Index funds contribute to market melt-ups and meltdowns
I don't see how this works. At least not explained by the article. Index funds aren't selling often, so how exactly is "selling begetting selling" with index funds?
Index funds reduce the quality of stock analysis
This one seems to just be saying, "active managers still can't compete." Uh, sorry? If anything, as more people get pushed into index funds because they perform better, it should open active managers to be able to find pockets of performance. That they still can't do so isn't the fault of index funds, it's just an indictment of how hard it is to "analyze" stocks and pick winners.
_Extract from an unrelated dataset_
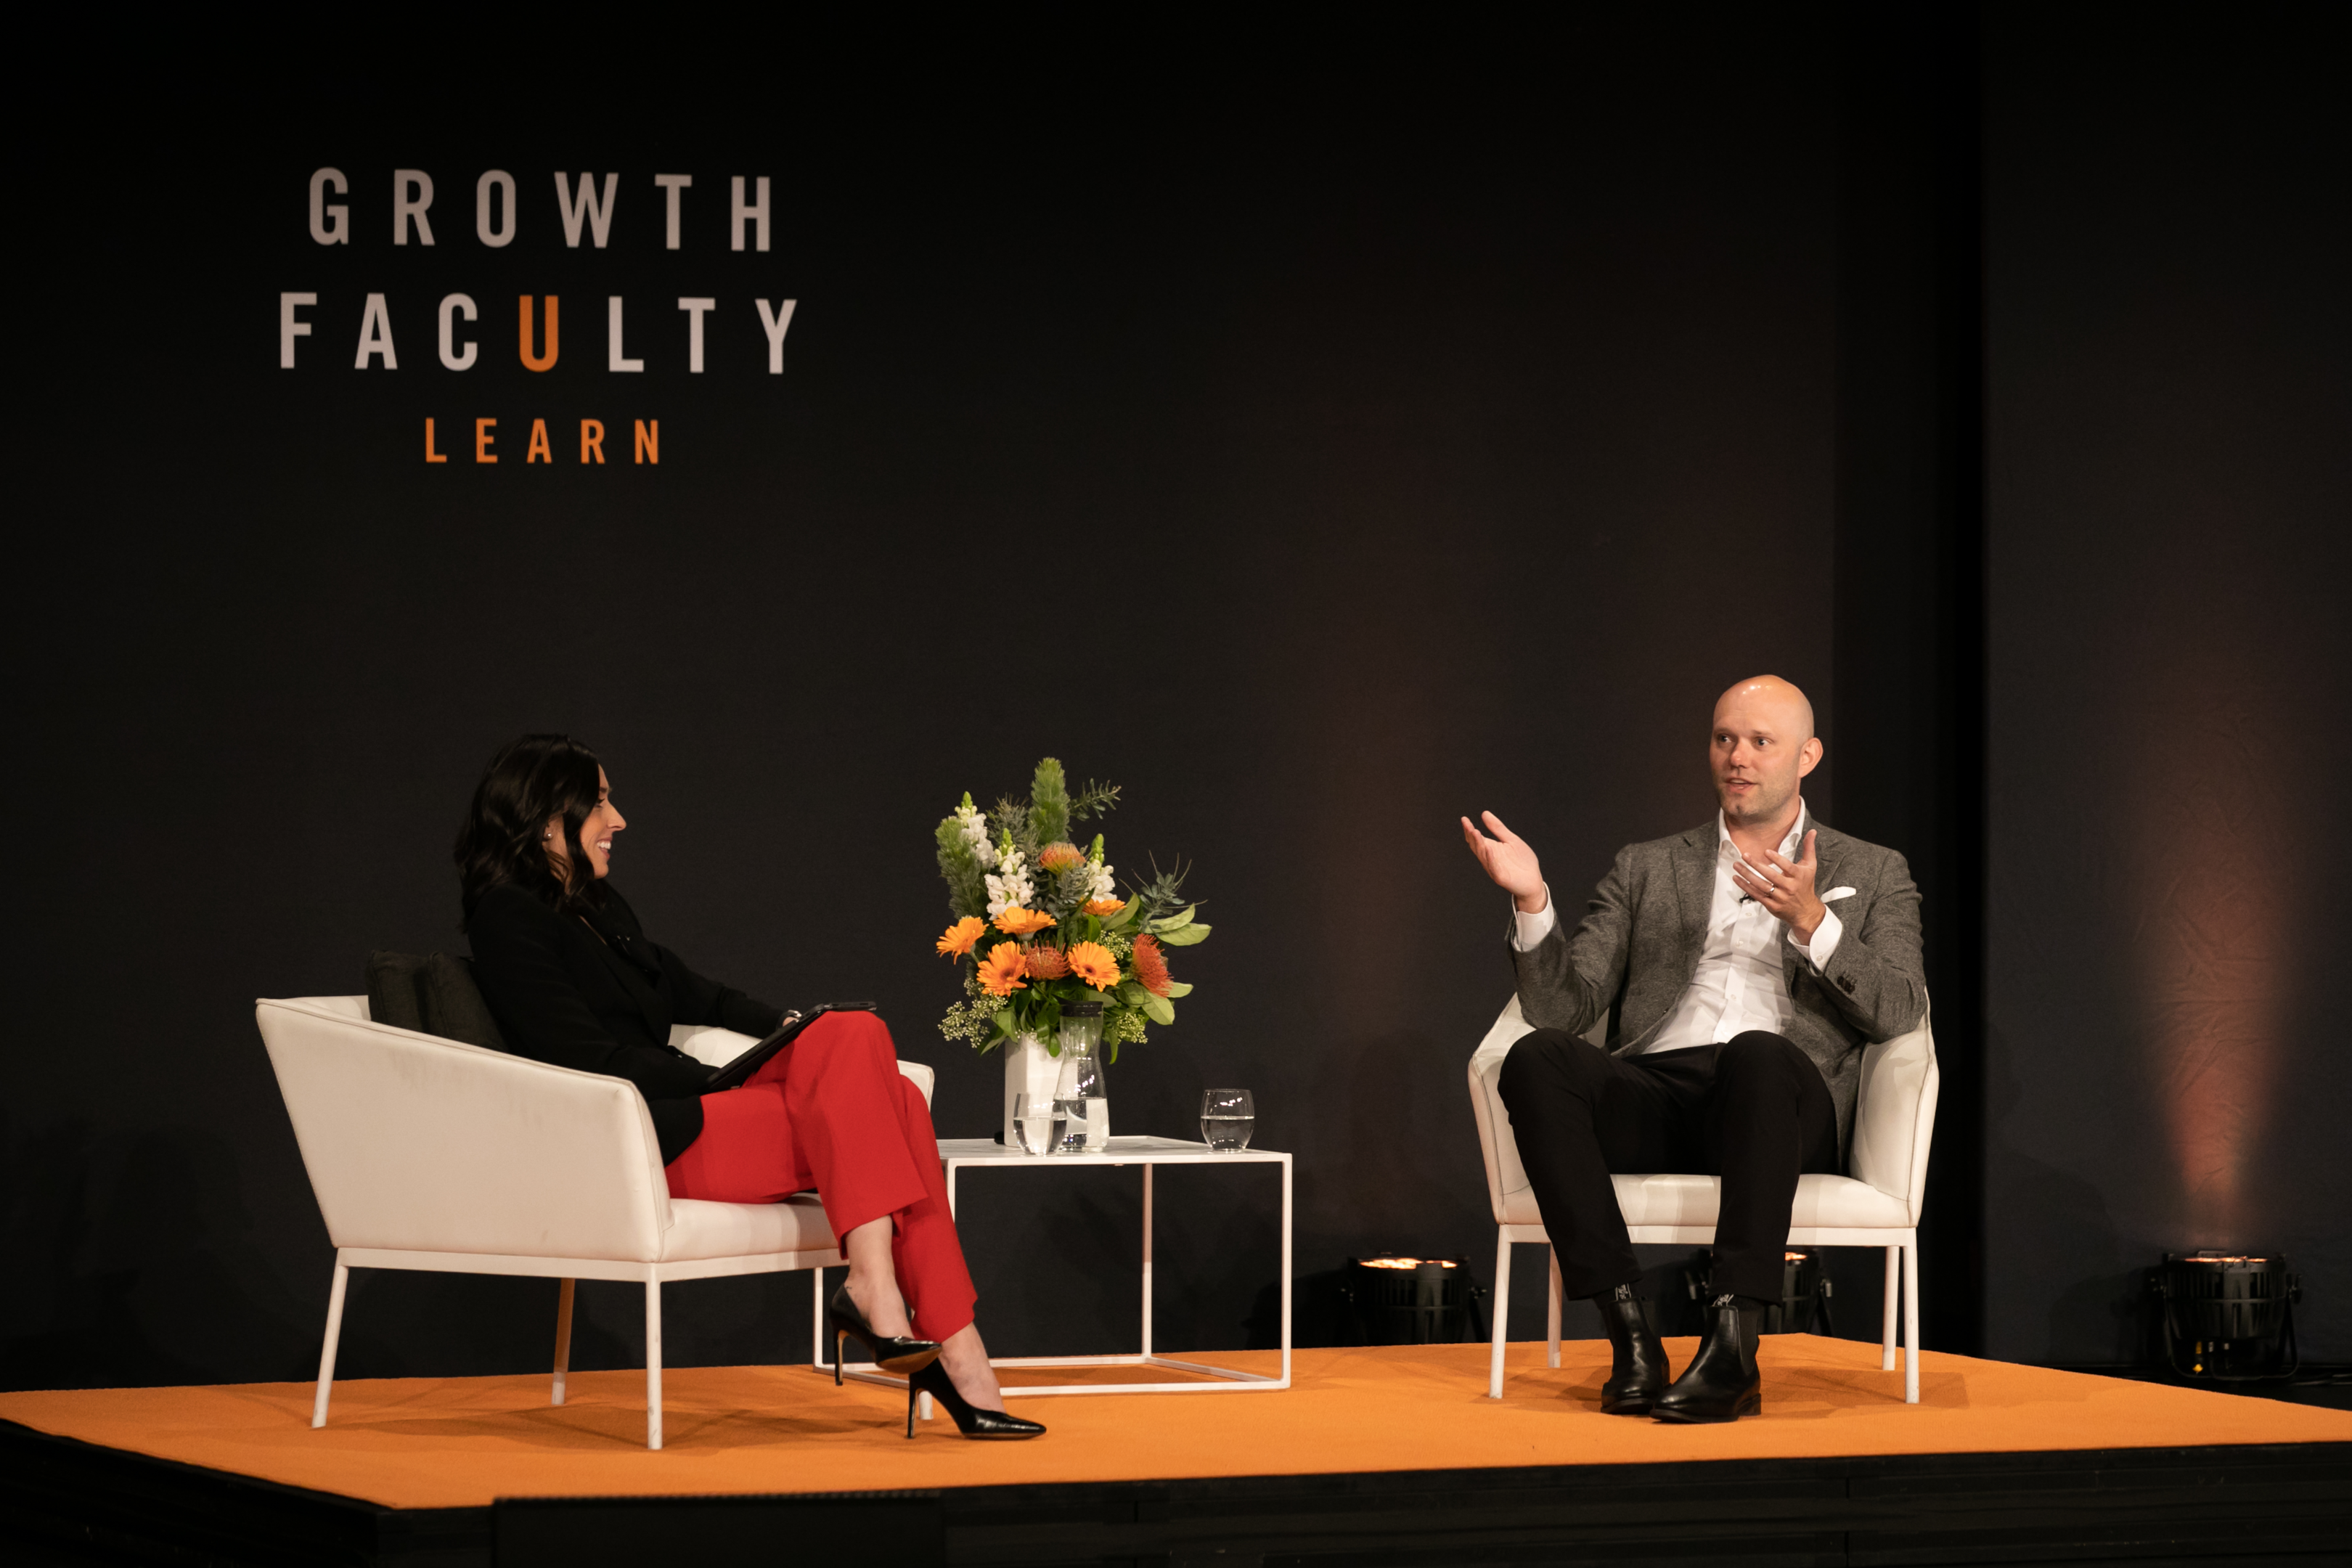 Holly Ransom interviewing James Clear at a recent Growth Faculty event.
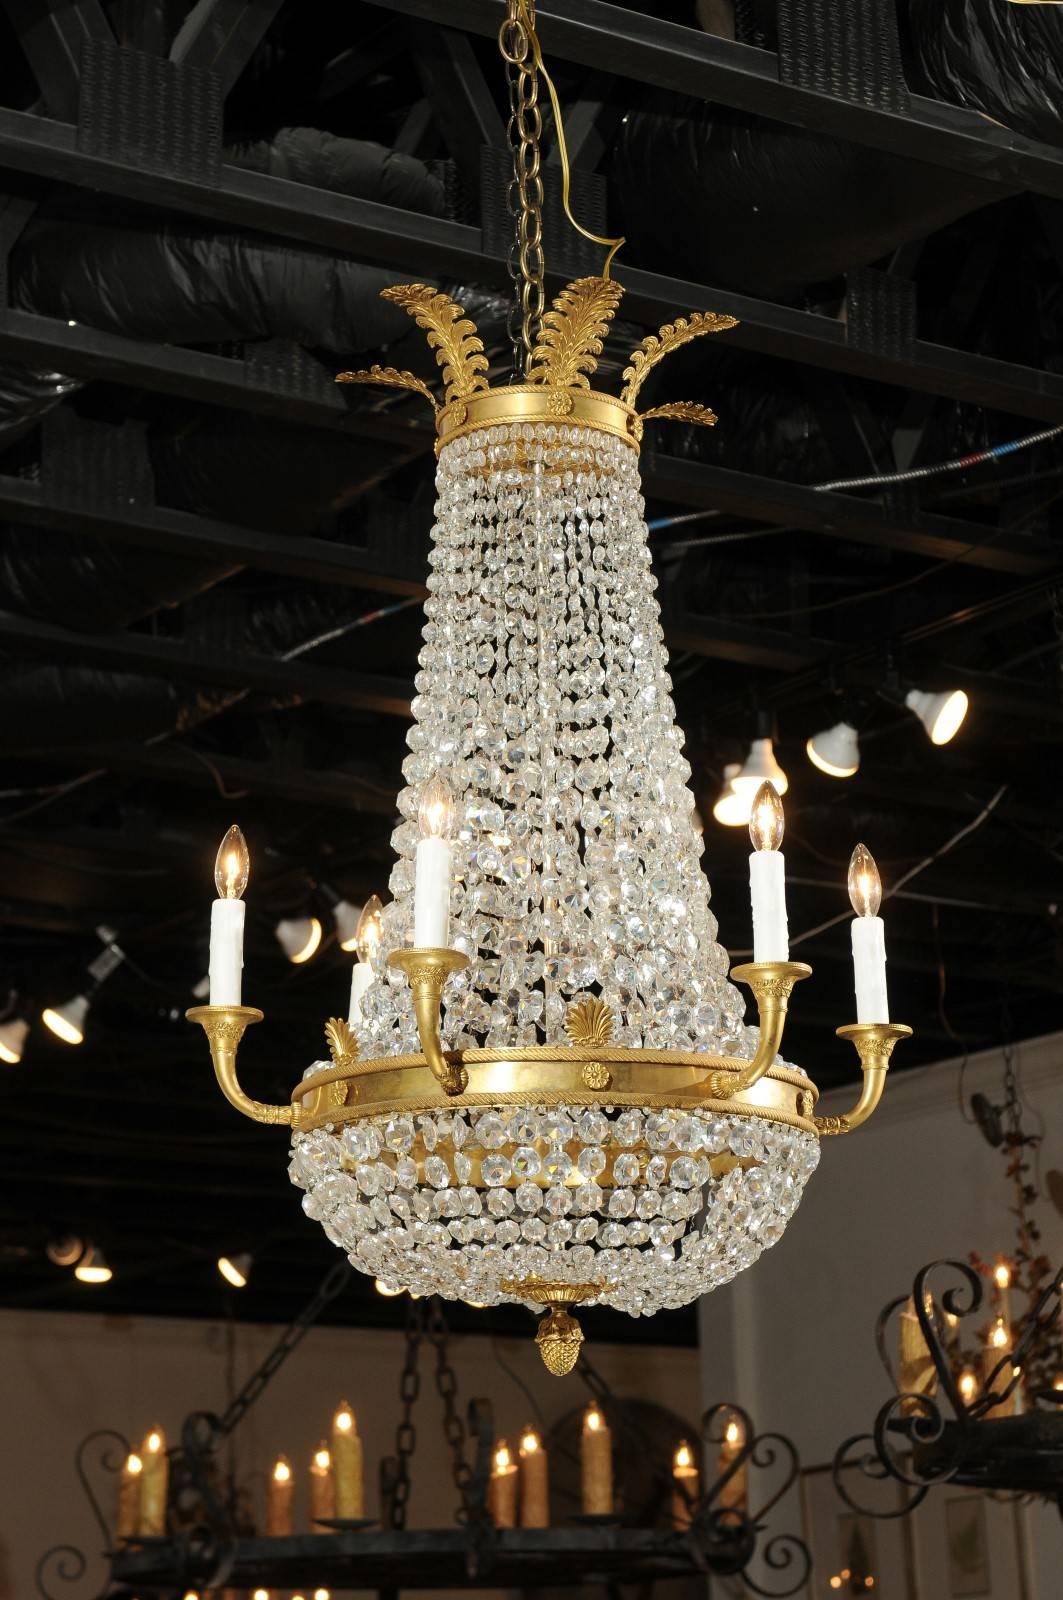 A French Empire style crystal and gilt metal waterfall basket six-light chandelier from the late 19th century. This exquisite French basket chandelier features a tall silhouette, accented by a gilt metal frame. Ornate acanthus leaves decorate the

Index funds contribute to poor corporate governance
This one has been covered a lot lately, but the idea that somehow active fund managers have better interests for us than index fund managers is laughable. Heck, why do we believe corporate governance is somehow a net positive by stock holder opinions anyway? Do I, as an individual investor, really know better than the people on the board?
The investing angle
This one didn't even have a negative. In fact, it kind of disputes the point above about stock analysis. Index funds should allow for arbitrage. It seems like in this case it worked out, but somehow in the examples above it's a negative?
The ultra-contrarian angle
This just seems to be trying to appeal to emotion that we're somehow harming active managers and we should pity them? Good luck with that.
All in all, this just seems like another garbage article. Active fund managers don't like that index funds are not only cheaper, but out perform them. So of course we'll start seeing articles about how index investing is just the worst. I see it as similar to the amount of articles we're seeing lately that "FIRE isn't reasonable." It's a threat to people's livelihoods, so of course they're going to try to downplay them.